Я посмотрел вверх в какой-то странной досаде, будто меня обманули, но на гладкой кирпичной стене оказались металлические ступени в виде скоб, а на потолке круглый металлический люк.

- Нет, это не всё. Нам предстоит забраться вверх. Вы не против?

Горизонтов сунул шприц в карман халата и стал сам подниматься по скобам. Поднимался он ловко и привычно, так же привычно толкнул люк над головой, опрокинул его в сторону образовав круглое чёрное отверстие и сверху, как из старой консервы, пахнуло жуткой застойной сыростью.

- Поднимайтесь. Здесь нет света, но вы ориентируйтесь по скобам.

Горизонтов исчез в темноте и, судя по удаляющемуся шарканью, стал подниматься дальше, будто по вертикальному тоннелю, ровному, собранному из бетонных колец и сужающемуся в темноте очень далеко и непонятно, как в длинной трубе. Я двинулся следом ощущая ладонями влажные и сильно заржавленные скобы, которые иной раз опасно скользили под ногой. Оказавшись где-то в середине и вдыхая спёртый и тяжёлый воздух внезапно догадался, что железный люк отделяет верхнее и нижнее пространство башни, а тоннель, возможно, являлся переходной камерой, потому что воздух в трубе мог быть спёртым только из-за постоянно заглушенного состояния. А значит, если следовать логике «переходных камер», минуя трубу, то есть камеру, мы должны были попасть в совершенно другое помещение… В оранжерею?… Маленький светлый кружок внизу сильно и жутковато уменьшился. Я остановился. Высота по моим расчётам была уже порядочная, а дрожащие руки могли неожиданно подвести.

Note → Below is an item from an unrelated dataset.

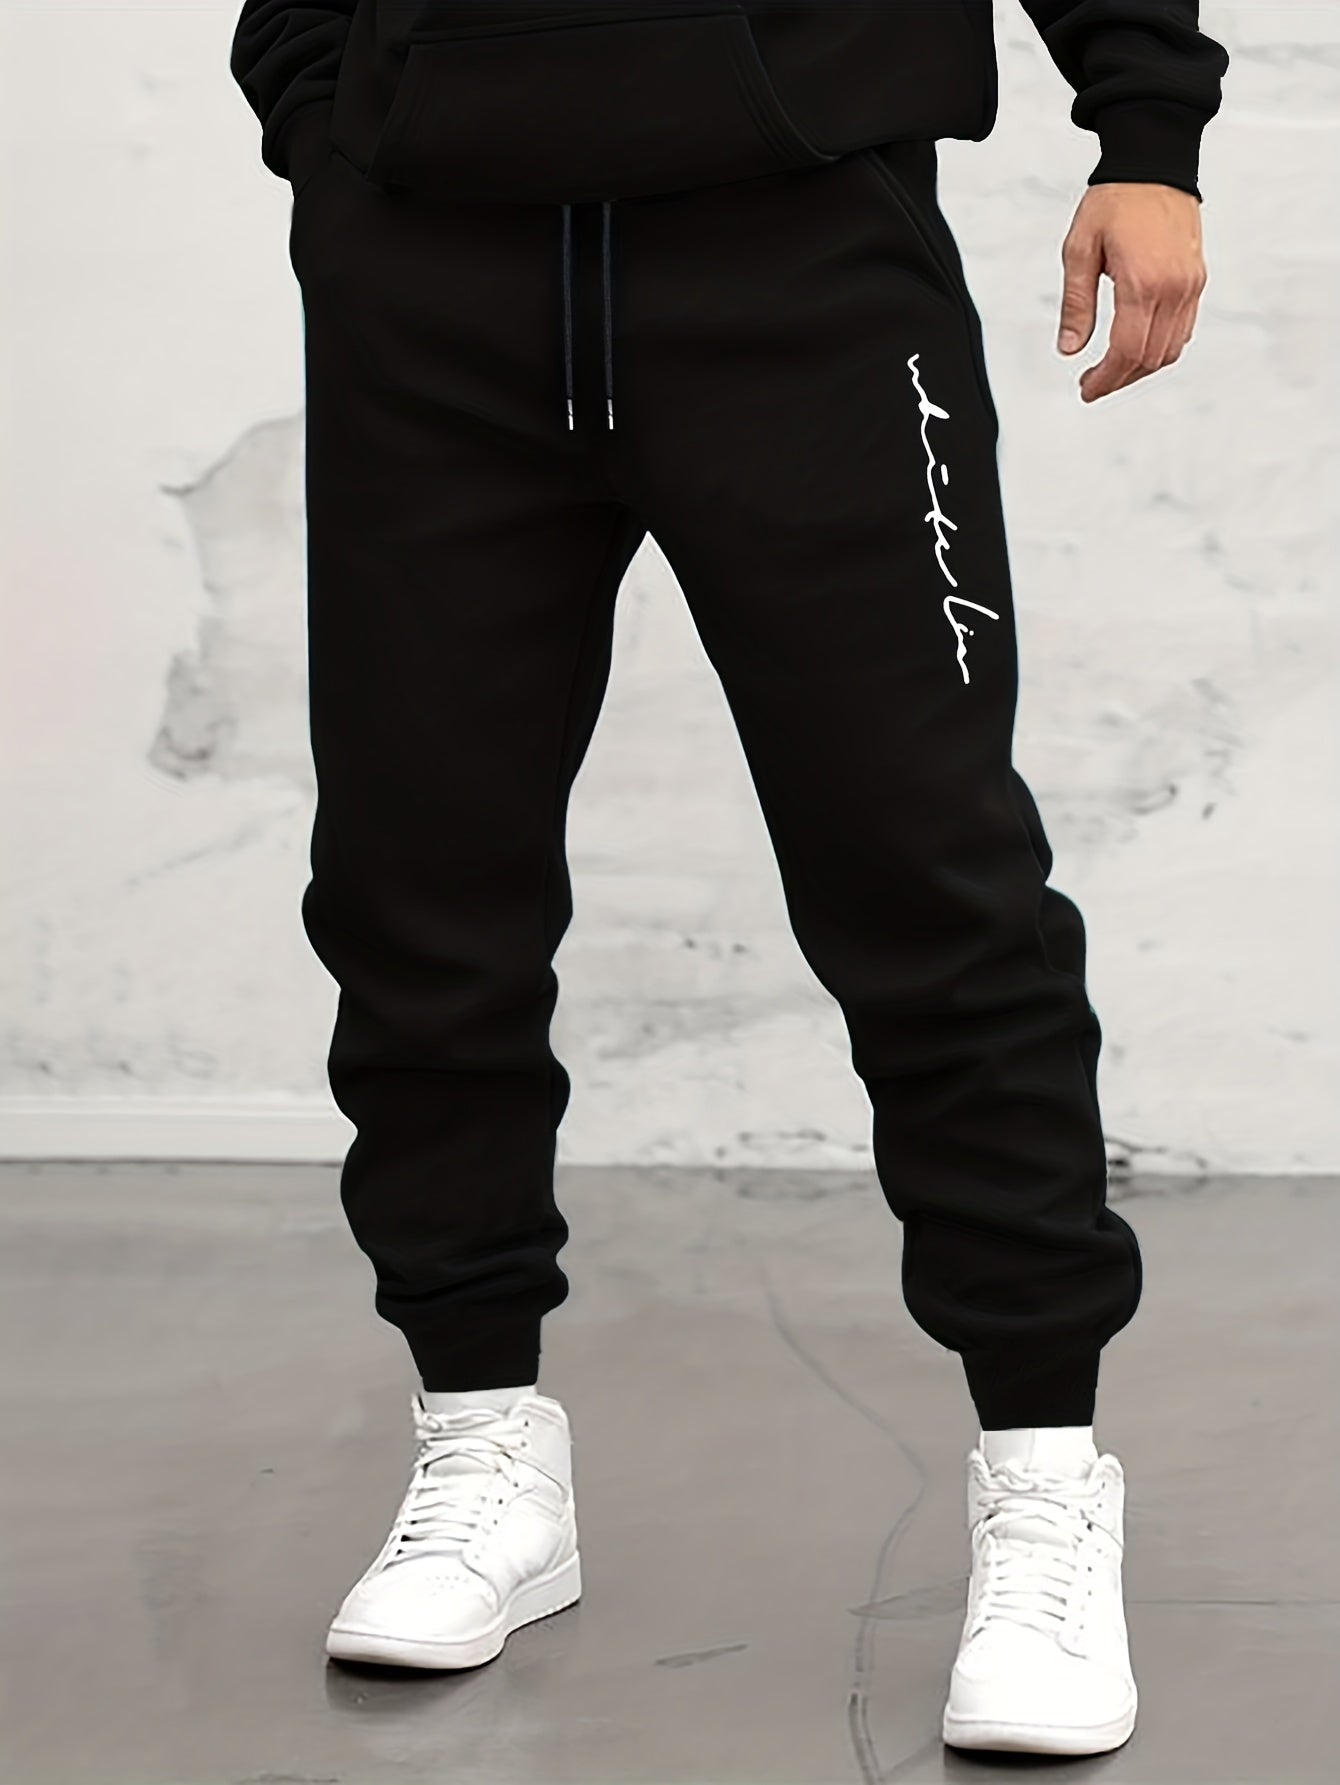 Letter Print Drawstring Sweatpants Loose Fit Pants Men's Casual Slightly Stretch Joggers For Spring Autumn Running Jogging

- Послушайте, Горизонтов, если это ловушка….

- Уже-уже! Здесь!

Горизонтов неожиданно оказался рядом, я даже нащупал в темноте его дёрнувшийся ботинок и даже успел подумать с каким-то упоением, что если полечу вниз, то непременно потяну его за собой. Потом что-то щёлкнуло, покрутилось (это был звук штурвала), и распахнулось круглой крышкой вверху.

- Пришли!

Горизонтов подтянувшись на руках, выпрыгнул наружу, в желтоватый сумрак. Я выбрался следом очень быстро, потому что не выношу ощущения высоты под ногами, и желтоватым сумраком тут же оказался маленький коридорчик в который мы выбрались с серпантина через тоннель. То есть коридорчик вверху, получается, соединялся с серпантином посредством этого тоннеля. Горизонтов торопливо опрокинул крышку на место и закрутил штурвал. Закрутил, как мне показалось, очень нервно и с усилием подтягивая его толчками и наваливаясь всем телом.

- Что это за тоннель?

- Шлюз... Просто вынужденная уловка. Я проложил его прямо через птичник – это четвёртый сектор. Там много мух и личинок. Поэтому из безопасности я перекрываю при помощи шлюза проникновение лишних насекомых в оранжерею.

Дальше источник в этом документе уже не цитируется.